When pricing compresses and brokers have leverage, the decisions that protect a portfolio aren't the obvious ones - they're the nuanced calls:
- Which submissions to pursue and which to let go
- How to maintain broker relationships while holding firm on risk quality
- When organizational pressure to maintain volume is reason to slow down rather than speed up
These calls get harder to make as margins narrow. U.S. combined ratios are already expected to worsen throughout 2026 - even after two of the strongest underwriting years in over a decade.
The current generation of junior and mid-level underwriters built their skills in a hard market where pricing was strong, submissions were plentiful in many lines, and conditions were more forgiving. A soft market flips those dynamics.
Mike Krefta, former CEO of Hiscox Re and ILS, put it directly in an Insurance Journal piece on underwriting through market cycles: talents and skills are diluted in a soft market.
The question he raised - whether underwriters scrutinize risk with the same rigor when they're under pressure to write - becomes more acute when the underwriters doing the scrutinizing have never operated in these conditions before.
Soft markets have a documented history of exposing exactly this gap.
In the early 1980s, a prolonged soft market fueled what academics described as a price war: insurers priced aggressively and loosened risk standards to chase premium volume and the investment income that came with it.
The consequences arrived by mid-decade when a liability insurance crisis forced a painful market correction.
Research into the 2017 soft market found a similar dynamic: underwriters continued writing business they shouldn't have, not out of incompetence, but because organizational incentives and individual habits overrode discipline in the absence of structural guardrails.
The consequences of these gaps are measured in combined ratios, not anecdotes - and they often surface years after the decisions that caused them.
The lesson from both cycles is the same: soft markets don't create bad judgment. They reveal where judgment was never embedded in the system to begin with.
Beyond the soft market
The judgment gap shows up anywhere the task exceeds the underwriter's proven experience - soft markets are just one trigger.

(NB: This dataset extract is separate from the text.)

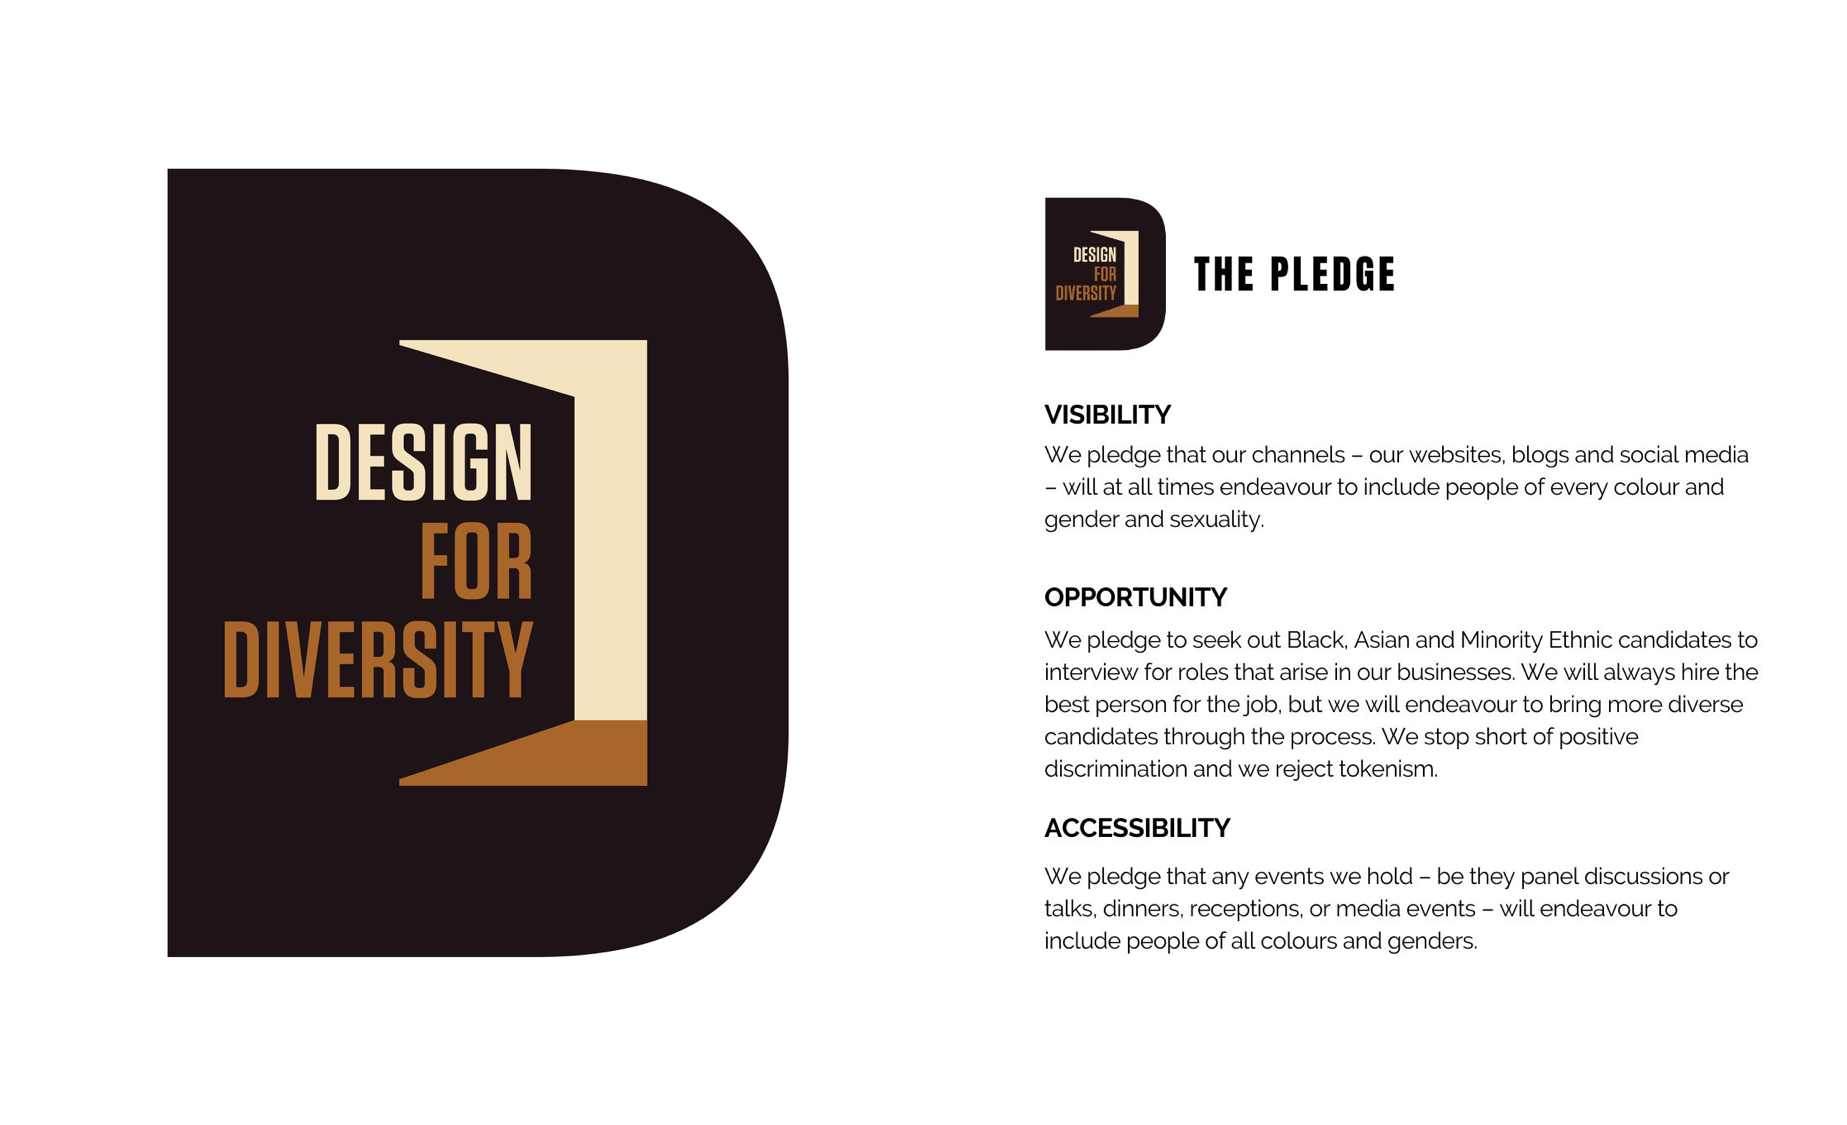 Design For Diversity The Pledge
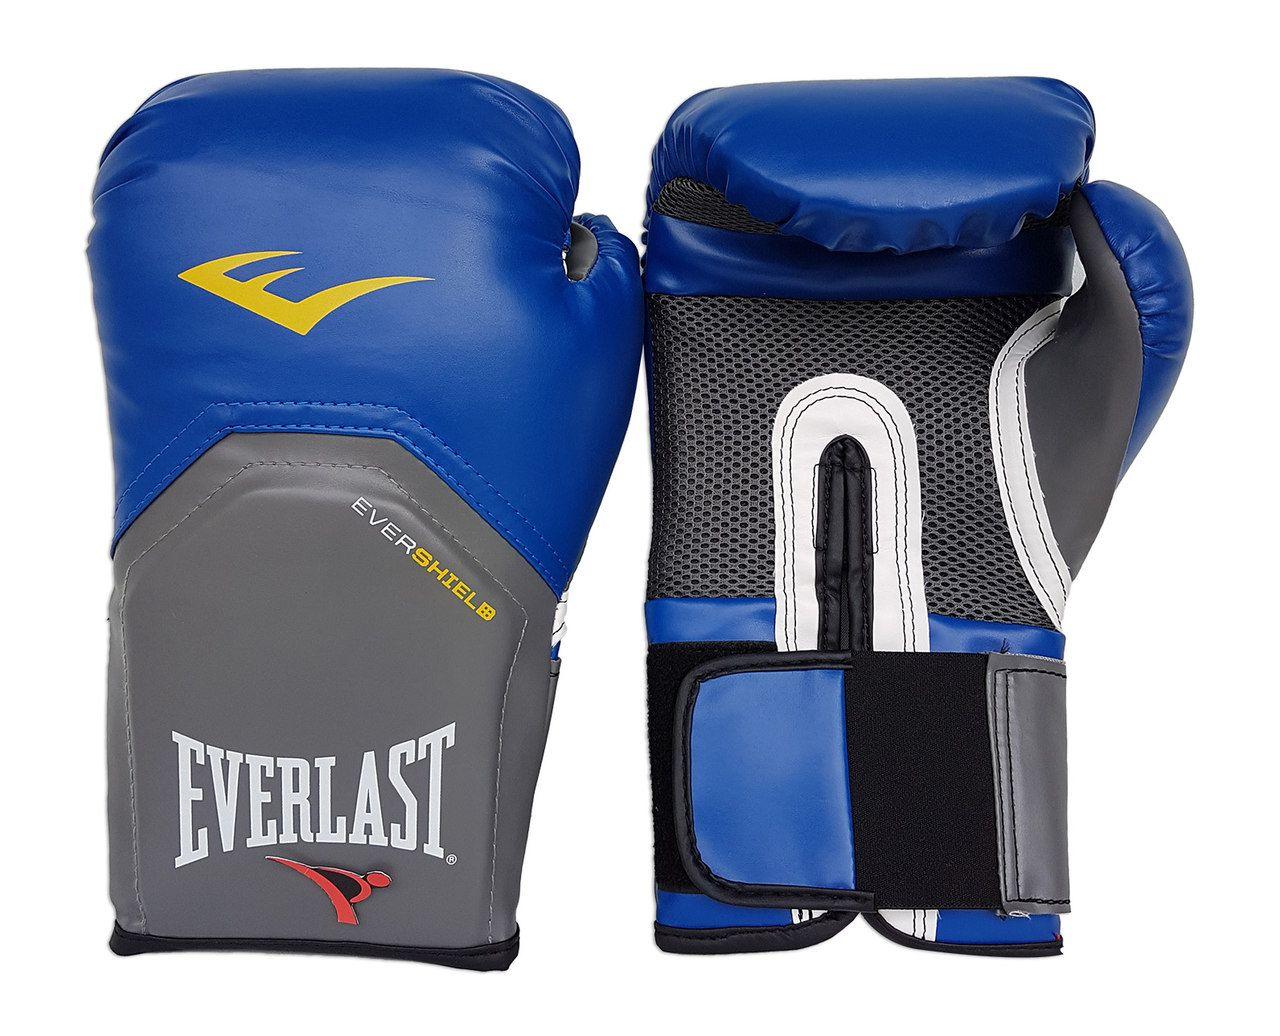 Luva de Boxe / Muay Thai 12oz - Azul - Pro Style - Everlast  - PRALUTA SHOP

Emerging risk classes like cyber, climate-related perils, and parametric products don't have decades of loss history for pattern recognition to draw on.
When an insurer enters a new line or expands into an unfamiliar geography, even experienced underwriters are working with thinner institutional knowledge.
And when M&A activity consolidates teams, the institutional memory of the acquired book often walks out with the people who wrote it.
In each of these scenarios, the same dynamic plays out: the decisions that protect a portfolio depend on a kind of judgment that isn't documented, isn't automated, and increasingly isn't in the building.
For MGAs and smaller specialty operations where the bench is already thin, the compounding effect across any of these conditions is even more acute.
Where does underwriting discipline need to live?
None of this is invisible to underwriting leaders. CUOs know that judgment matters. COOs know that institutional knowledge is concentrating in fewer, older hands.
What's considered less is whether the industry is building the infrastructure to preserve it.
The insurers that have successfully navigated market shifts, portfolio expansions, and other transitions didn't rely on judgment that lived in any one person's head.
They found ways to make pattern recognition systematic - embedded in how submissions are evaluated, how appetite is enforced, and how portfolio composition is monitored. Not dependent on who happens to be in the chair.